Red cluster status - nodes restarting and unallocated shards


A few days ago, my Elastic cluster status turned to red for reasons that are unclear to me. I received several emails over the last 48 hours saying "We restarted a node in your cluster after it ran out of memory.", but open checking the memory allocation in my nodes, I didn't see anything that looked critical (the memory usage on one of them is high, but not critically so). I assume the shards went unallocated because of the node restarts?

I've attached a screenshot of my monitoring dashboard.

I ran
GET /_cluster/allocation/explain

and got the following response:

  "index" : "dvlp-repeat-prescriptions-2018.06.28",
  "shard" : 3,
  "primary" : false,
  "current_state" : "unassigned",
  "unassigned_info" : {
    "reason" : "NODE_LEFT",
    "at" : "2019-08-05T08:37:58.421Z",
    "details" : "node_left [jtfGNFgOTS2OK0-A2Bee9w]",
    "last_allocation_status" : "no_attempt"
  "can_allocate" : "no",
  "allocate_explanation" : "cannot allocate because allocation is not permitted to any of the nodes",
  "node_allocation_decisions" : [
      "node_id" : -REDACTED-,
      "node_name" : "instance-0000000012",
      "transport_address" : -REDACTED-,
      "node_attributes" : {
        "logical_availability_zone" : "zone-1",
        "server_name" : -REDACTED-,
        "availability_zone" : "eu-west-1c",
        "xpack.installed" : "true",
        "region" : "eu-west-1",
        "instance_configuration" : "aws.highio.classic"
      "node_decision" : "no",
      "deciders" : [
          "decider" : "same_shard",
          "decision" : "NO",
          "explanation" : "the shard cannot be allocated to the same node on which a copy of the shard already exists [[dvlp-repeat-prescriptions-2018.06.28][3], node[qkfLTYSiQpGTDQgBF8FRuA], [P], s[STARTED], a[id=K8oCkFBOSVm6tVQxlCb62Q]]"

Any ideas of what the underlying problem is?

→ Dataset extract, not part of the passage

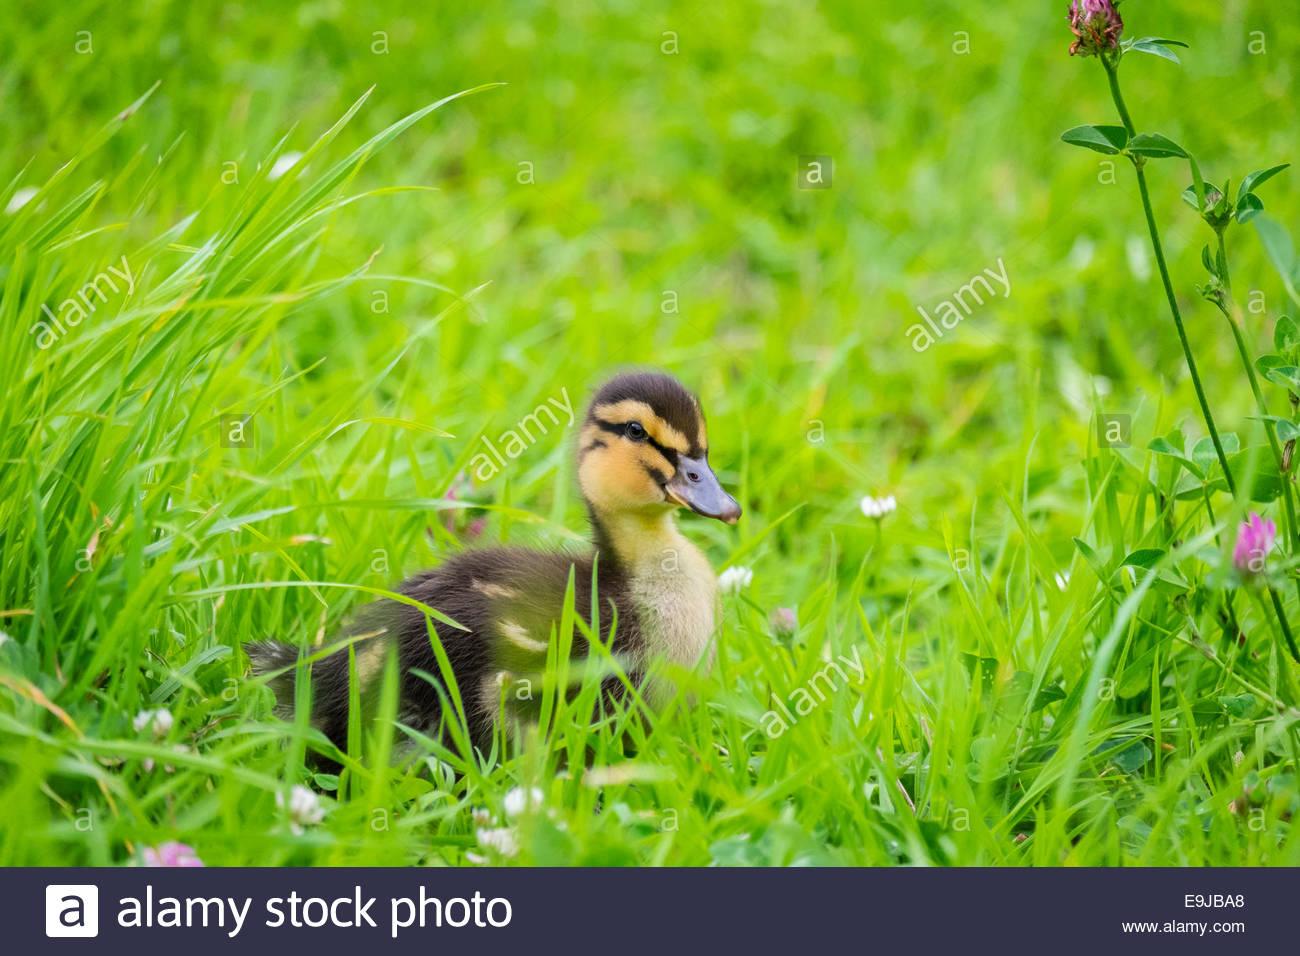 Junge baby Ente, zehn Tage alten Entlein in der Wiese, La Creuse, Limousin, Frankreich Stockbild

I did set up Index Lifecycle Management for my log indices, could that somehow be tampering with the memory and/or shard allocation?


As an Elastic Cloud user with a Platinum licence, your best bet is to contact your support engineer. They will be able to see much more detailed information about what has happened with this cluster and will be able to guide you through bringing it back to health.

Ok thank you. I did submit a support request on Friday morning but still haven't heard back. I'll just sit tight then!

You have far too many shards given your heap size. I would recommend you reduce this significantly.